Even if he advances to only half of the Features, it will be his best season in eight years at this level. Enticknap qualified for seven Mains in 2017 with a best of 18th at Vegas. He was in five Mains in 2018 with a best of 16th at San Diego before signing with his current team – and getting injured without rightly being able to show what he could do with them.

“I want to break into the top 10 – that’s my goal for the year – but as of right now I’m succeeding in all the little goals that I’ve set and I want to keep succeeding,” Enticknap said.

It’s not enough to want to finish well, however; riders have to visualize a path to success. For Enticknap, that will come with because of how he approaches stadium races. Towering over the field, Enticknap is not a small man by anyone’s measure so it’s ironic that he makes a comparison between Supercross and ballet. The indoor season is about precision, technical mastery, and finesse. And that is where Enticknap believes he shines.
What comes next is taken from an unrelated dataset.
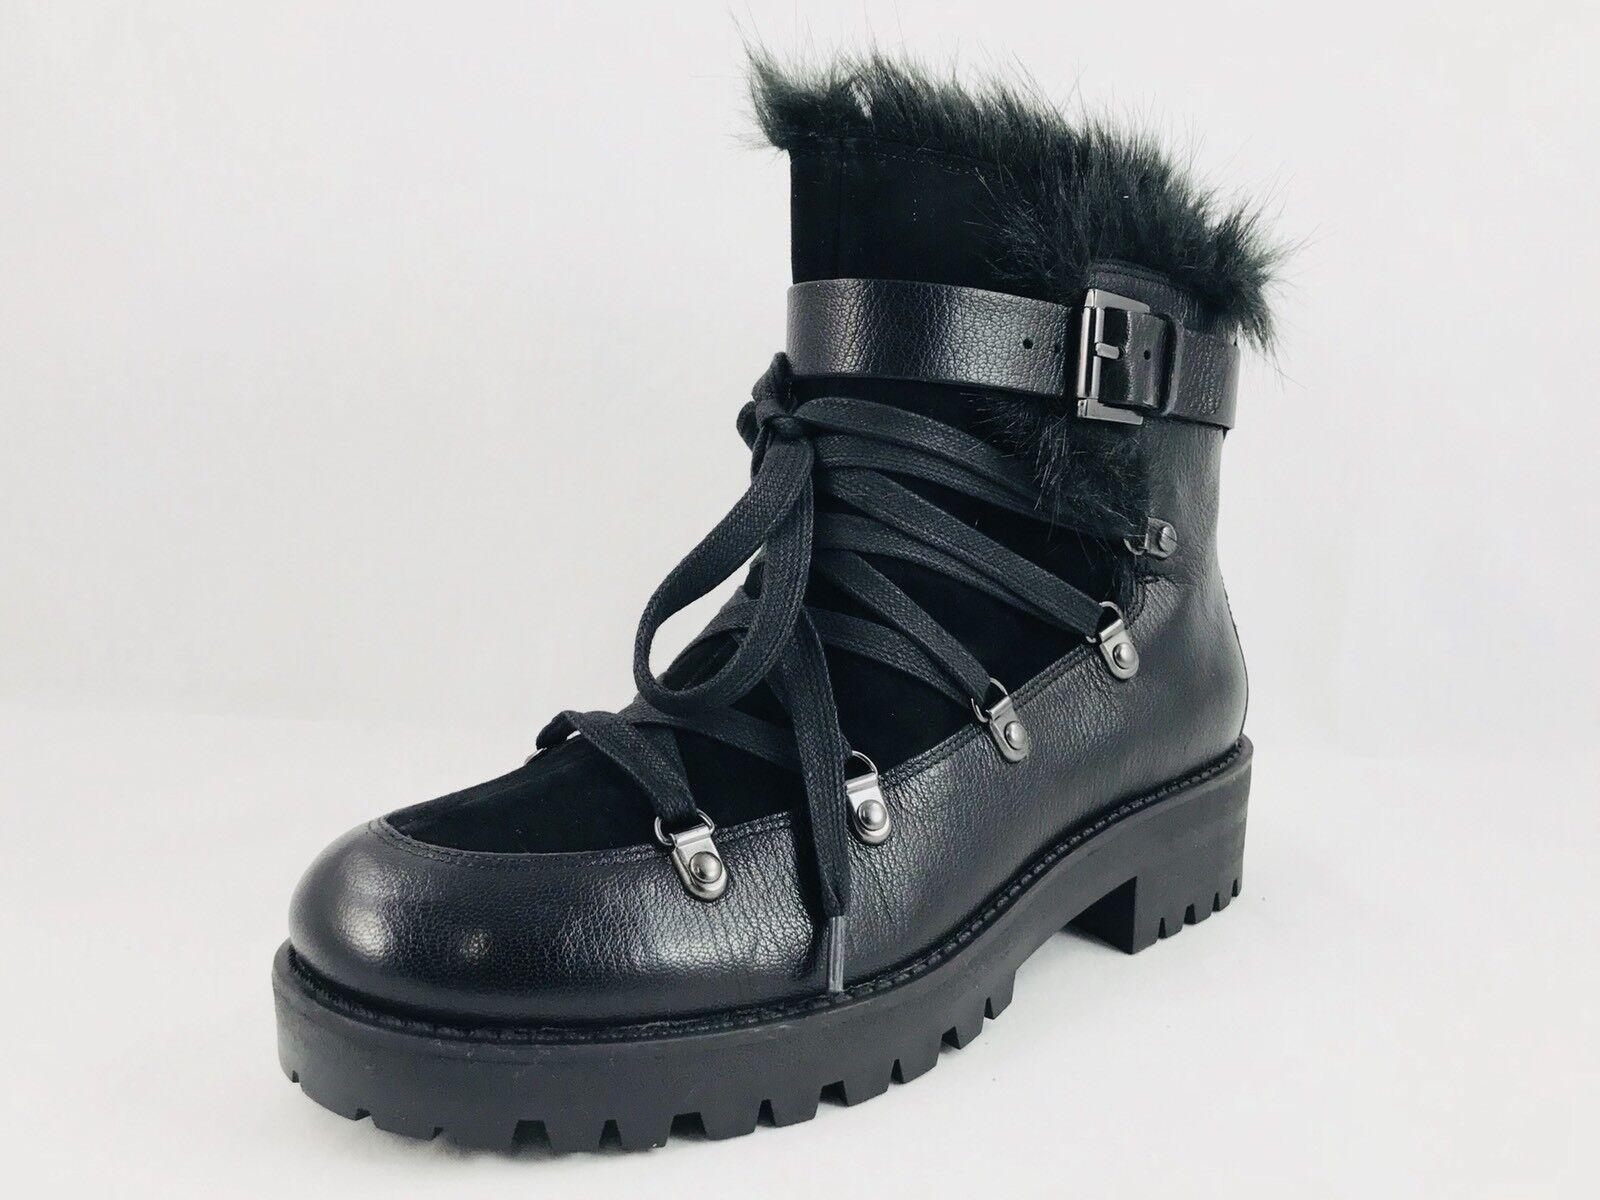 Nine West Orynne Leather Ankle Boot Black Size 6.5 NIB

“Supercross is more of a ballet. It’s more perfection. It’s something that takes so much talent – and you can see it in real life. When you watch an outdoor race, you’re like ‘that guy’s a beast’; he’s manhandling it; he’s hammering the throttle. And when you see a Supercross race it’s just so rhythmic and flowing and light. So much finesse on everything. Just such a fluent, technical race.”

Enticknap credits his background in BMX racing as one of the reasons why he is so fluid on a tight track.

“Supercross fits my riding style a lot,” Enticknap said. “I don’t like to just hang it out and get all sideways and just swap, swap, swap. I like to be very precise in all my movement. I’m a perfectionist. It helps in Supercross because everything is just timed by the millisecond.”